■ **SUPPLIED INFORMATION**:
=== Section Start ===
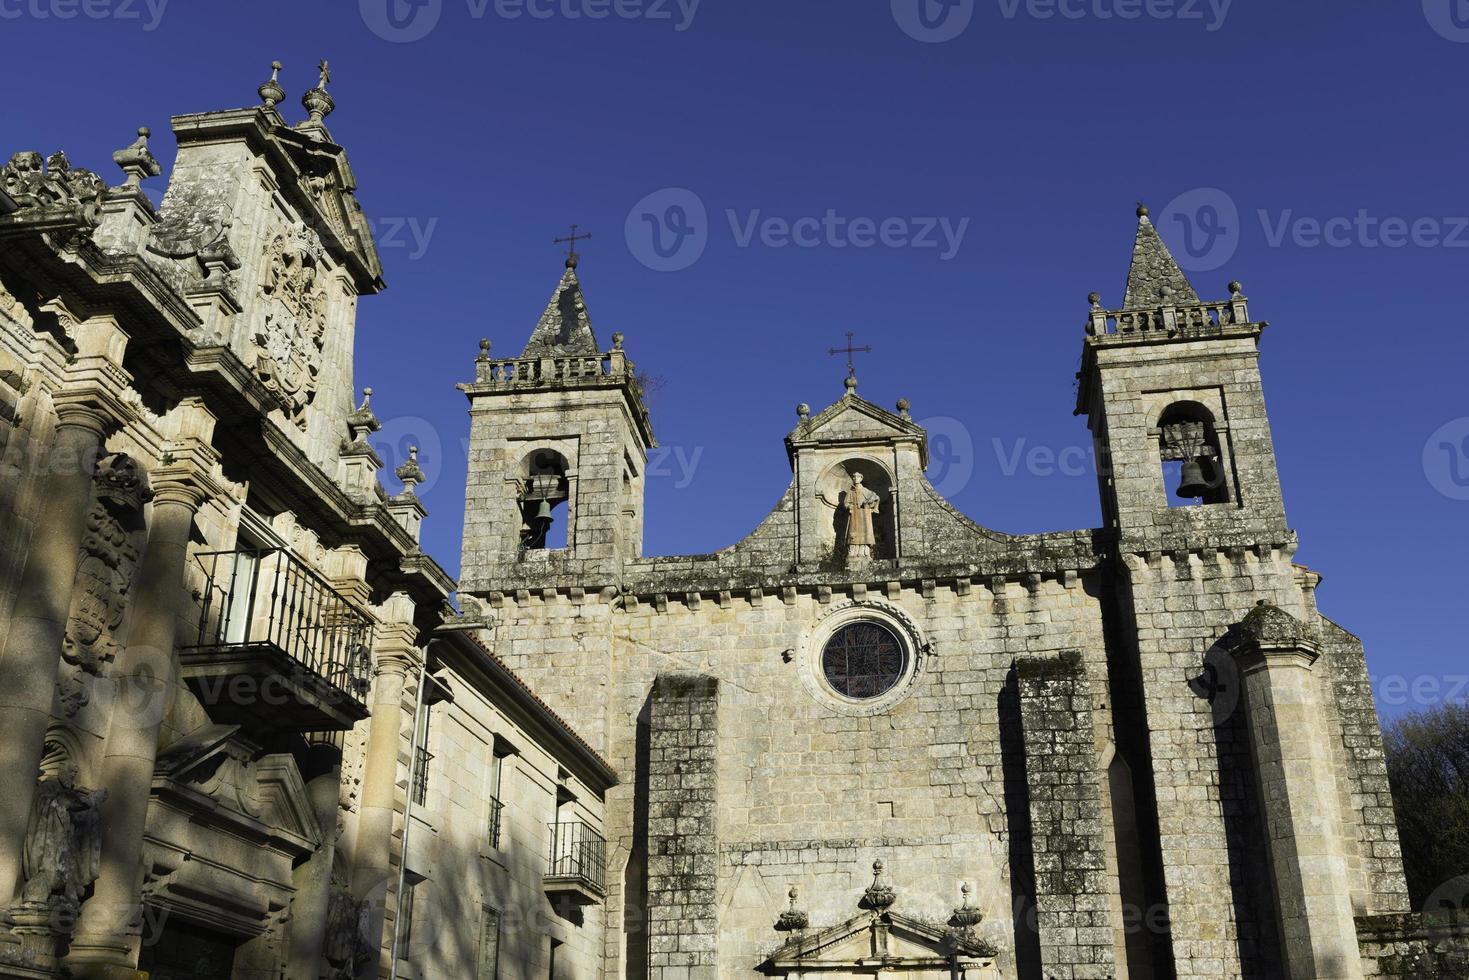 Monasterio de San Estevo en ourense contra un cielo azul claro foto
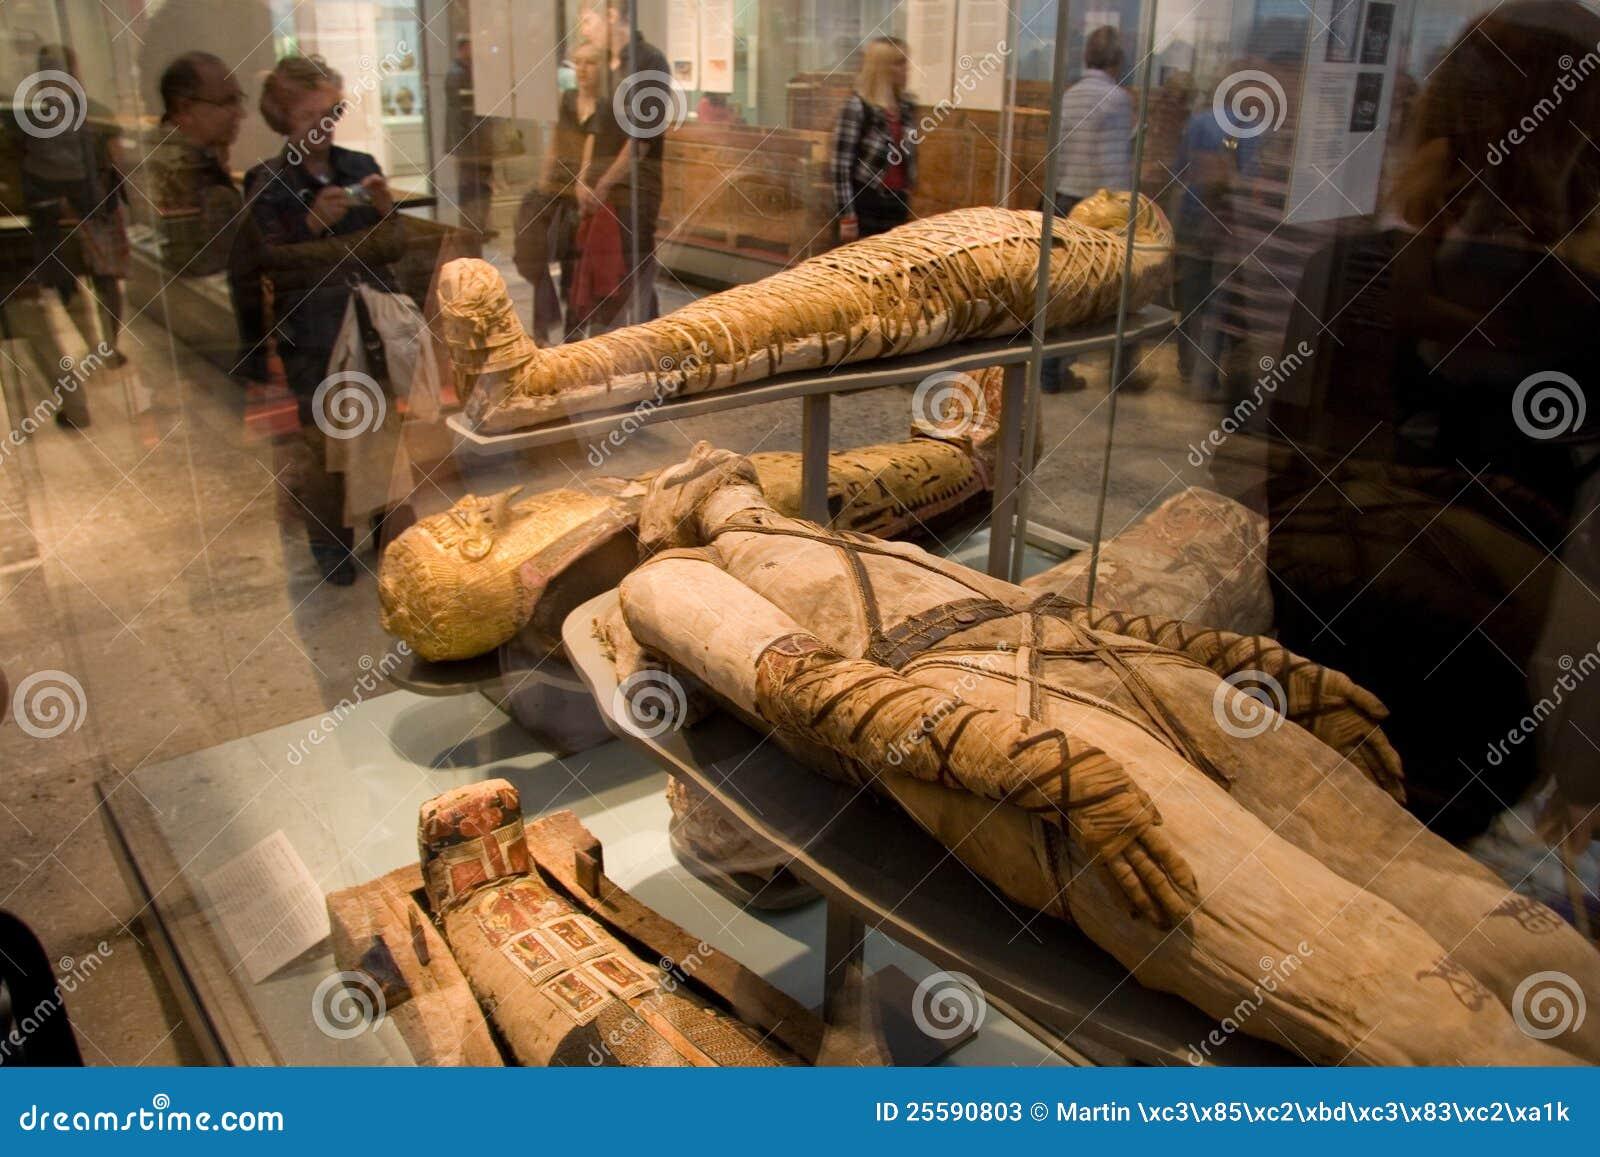 Britische museum mamas redaktionelles stockfoto bild von krone 25590803 - Englisch krone ...
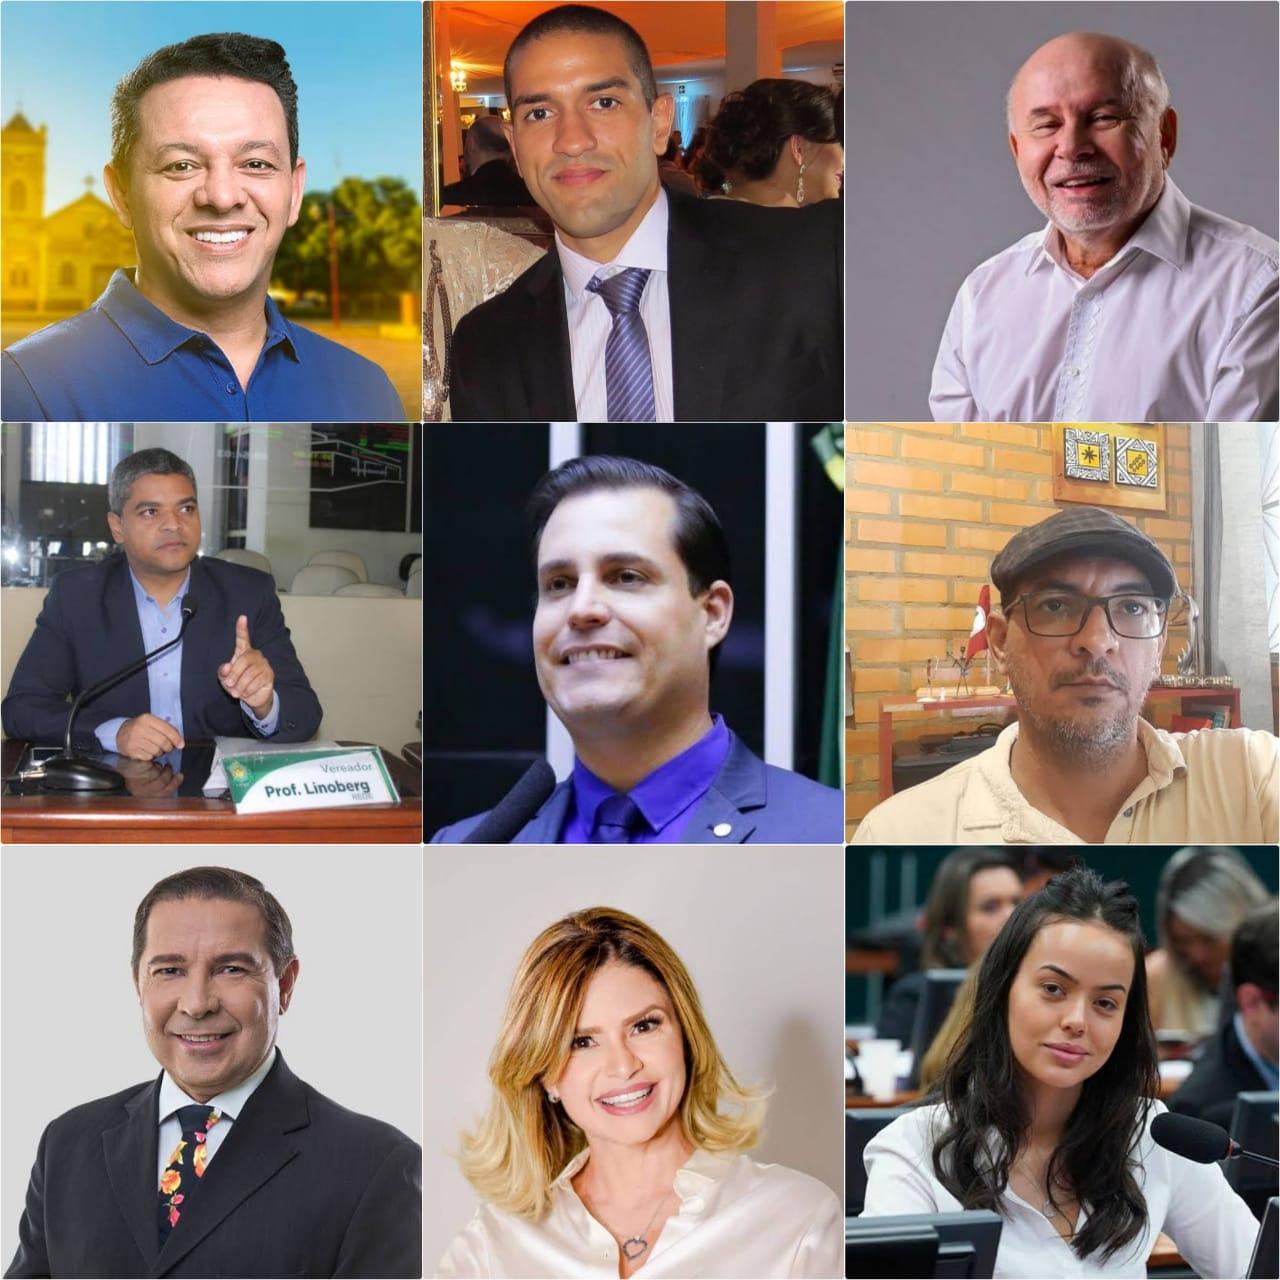 Confira a ordem de estreia e o tempo no horário eleitoral dos candidatos à Prefeitura de Boa Vista
=== Section End ===
■ **EXERCISE**:
Return an exact transcription of the material, with its pictures left out.

■ **ANSWER BOX**:
 Monasterio de San Estevo en ourense contra un cielo azul claro foto
 Britische museum mamas redaktionelles stockfoto bild von krone 25590803 - Englisch krone ...
 Confira a ordem de estreia e o tempo no horário eleitoral dos candidatos à Prefeitura de Boa Vista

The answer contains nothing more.